Other aspects of the present invention include means for delaying the time between full lifting spreader to cargo container engagement and power availability to the twist lock manual control switch; they further include means for alerting the crane operator that power has indeed been supplied to the control switch after the time delay. In still other aspects of the present invention means are provided for discouraging the crane operator from prematurely throwing the twist lock control switch to its unlock position when the suspended load is being lowered into position. Also, means are provided to permit the interlock system to be by-passed in the event of a system malfunction and to simultaneously alert nearby crane maintenance personnel of the by-pass so that the malfunction can be corrected at the earliest possible time.
It is therefore seen that the primary object of the present invention is to provide an improved electrical interlock system which reliably operates in field conditions and which directs and encourages the proper operation of the twist locks by the crane operator. Other objects of the invention will be evident from the following specification and claims.
DESCRIPTION OF THE DRAWINGSFIG. 1 is a pictorial view of the inside of a conventional operator cab of a container lifting crane, illustrating the location of certain of the operating lights and controls, together with alarm lights and alarm horn.
FIG. 2 is a front elevational view of the interlock system control box located in the cab shown in FIG. 1.
FIG. 3 is a top plan view of a conventional lifting spreader used by a container crane to engage the tops of cargo containers.
FIG. 4 is a front elevational view of the lifting spreader shown in FIG. 3.
FIG. 5 is a partial cross-sectional view of a corner of the lifting spreader showing the mounting of the spreader's twist lock therein.
FIG. 6 is a top elevational view of the bottom plate of the lifting spreader corner through which the spreader twist lock protrudes.
FIG. 7 is a schematic drawing of the electrical circuit of the improved twist lock interlock system of the present invention.

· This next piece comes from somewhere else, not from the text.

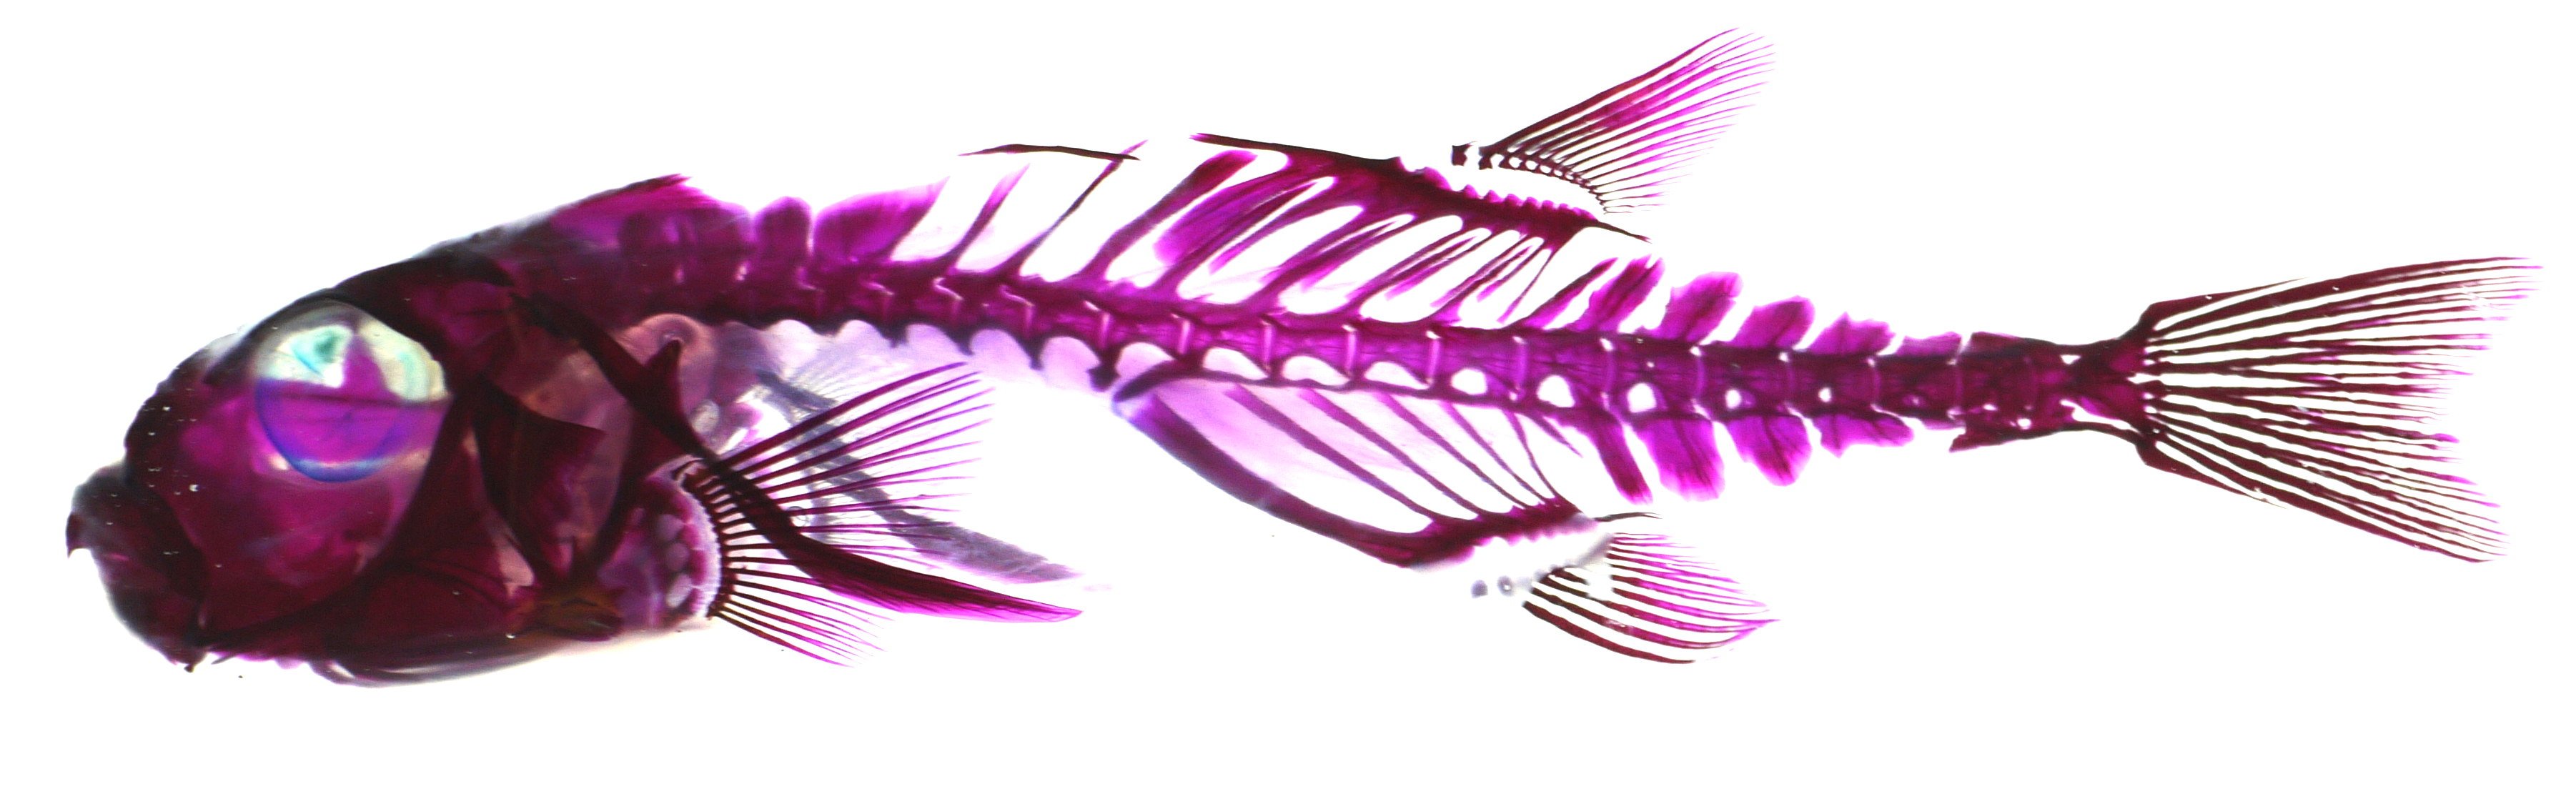 透明骨格標本のエーアンドゼット クサフグ Takifugu Niphobles の透明骨格標本 猛毒と体を膨らませて威嚇することで有名なフグですが それ以外に他の魚と違う特徴として まぶた があります 油瞼 残念ながら 透明化処理してしまうとわから

DESCRIPTION OF THE PREFERRED EMBODIMENTReferring now to the drawings, the operator of a container lifting crane conventionally sits in a cab 11 situated near the top of the crane such that the crane operator will have a complete view of his working area through the cab windows, such as denoted by numeral 13. The operator will normally sit in an operator's seat 15 next to which, and within easy reach, there is provided a control panel 17 containing all the necessary controls for operating the crane. Also in the cab 11, and within easy view of the operator seated on the cab seat 15, is a control box 19 containing suitable indicator lights 21, 23, 25, and a interlock system by-pass switch 27, the operation of which will hereinafter be described. The arrangement of the indicator lights and by-pass switch of the control box are most clearly indicated in FIG. 2.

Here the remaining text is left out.